Cobra Commander (Apep)

Brick: Hey, yo! So we managed to take out the demon monsters & some lady from the village says she has a place to take Chang. We lay him down so we can rest in her hut. The village lady says she's got a guy we can talk to about getting inside the palace.

We follower her to a well & we feel a rumble as a HUGE cobra climbs out of it! He says he has a way for us to get in, but we'll need to drop off something in a place for him. We huddle as a group & decide why not? I mean, he looks like a nice snake as far as snakes go.

Paw of Fire

Brick: The method he tells us to get in is through the statue of a bird-cat-girl-thing. We go in through the paw... It leads to a dingy passage which makes Becca complain, but really, what doesn't?

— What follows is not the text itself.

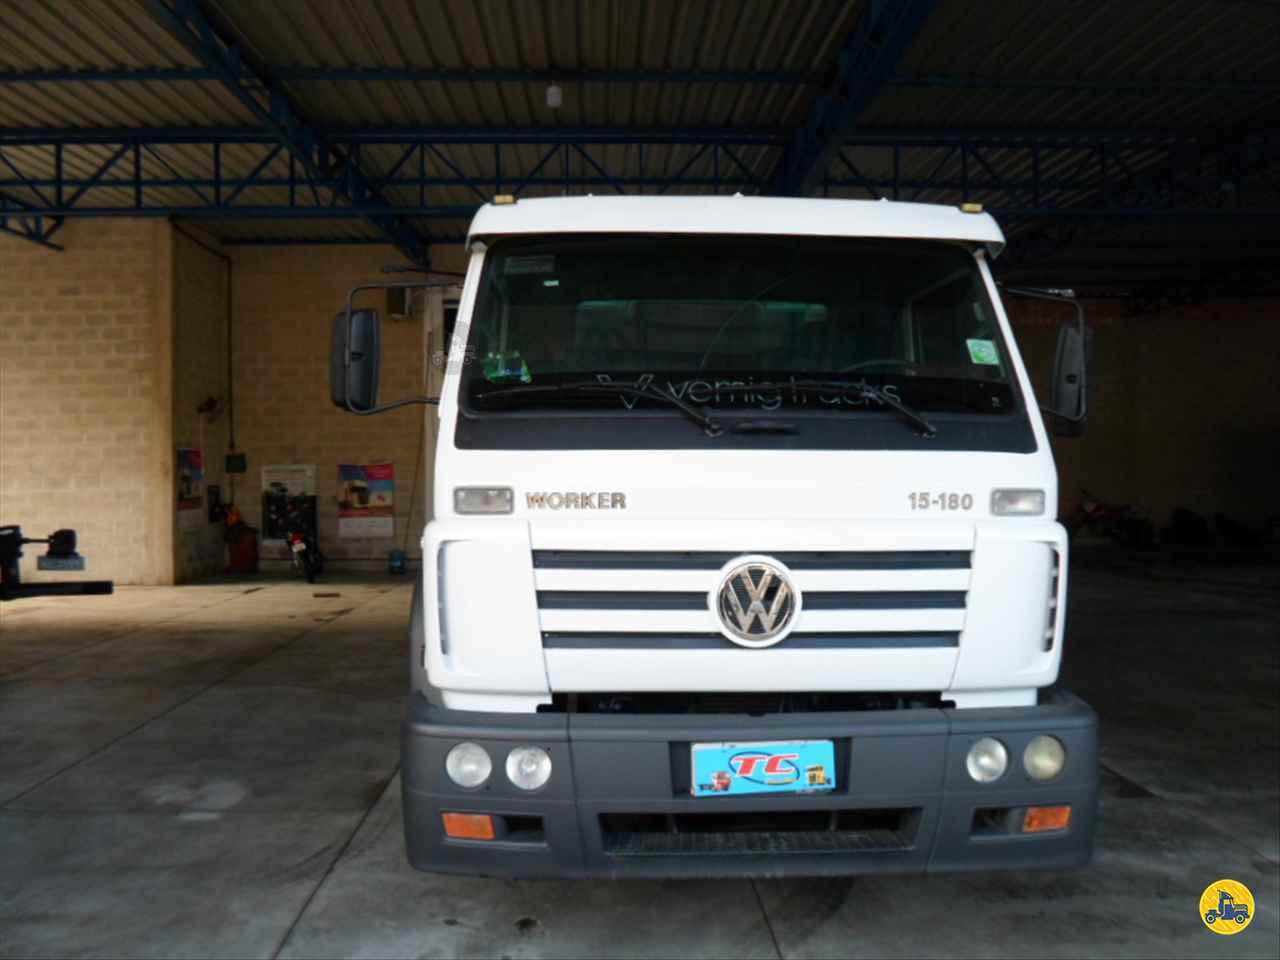 CAMINHAO VOLKSWAGEN VW 15180 Caçamba Basculante 3/4 4x2 TC Caminhões  BELO HORIZONTE MINAS GERAIS MG

The passage ends up leading to the palace. I hide the Apimp's doo-dad under a vase. It's... mostly hidden...

Split the Party

Brick: While we're walking through the palace, I must get distracted, 'cuz next thing I know, the gangs all gone! I'm all by my lonesome. I'm worried about the others so I start trying to think smart. Where would Becca go? I follow the passage & end up at a door. It's the only door so I figure they had to go that way...


Cream of Bacon Soup

Brick: ...and end up in a room full of half-naked chicks with 6-boobs. That's like 2 extra sets of boobs. Not only are there these frisky babes, but they have just cooked up some bacon! BACON! I try to think of my friends & helping them, but BOOBS & BACON, man! Boobs AND bacon!

Poolside Drunk


Crow Staring Contest


Television Repair ... and a Crocodile

Brick: Becca bursts through the door as I lay in the laps of the lovely ladies. She tells me that I need to help her fix a TV. I mean, I'm okay fixing stuff, but I have no idea how a TV would work out here.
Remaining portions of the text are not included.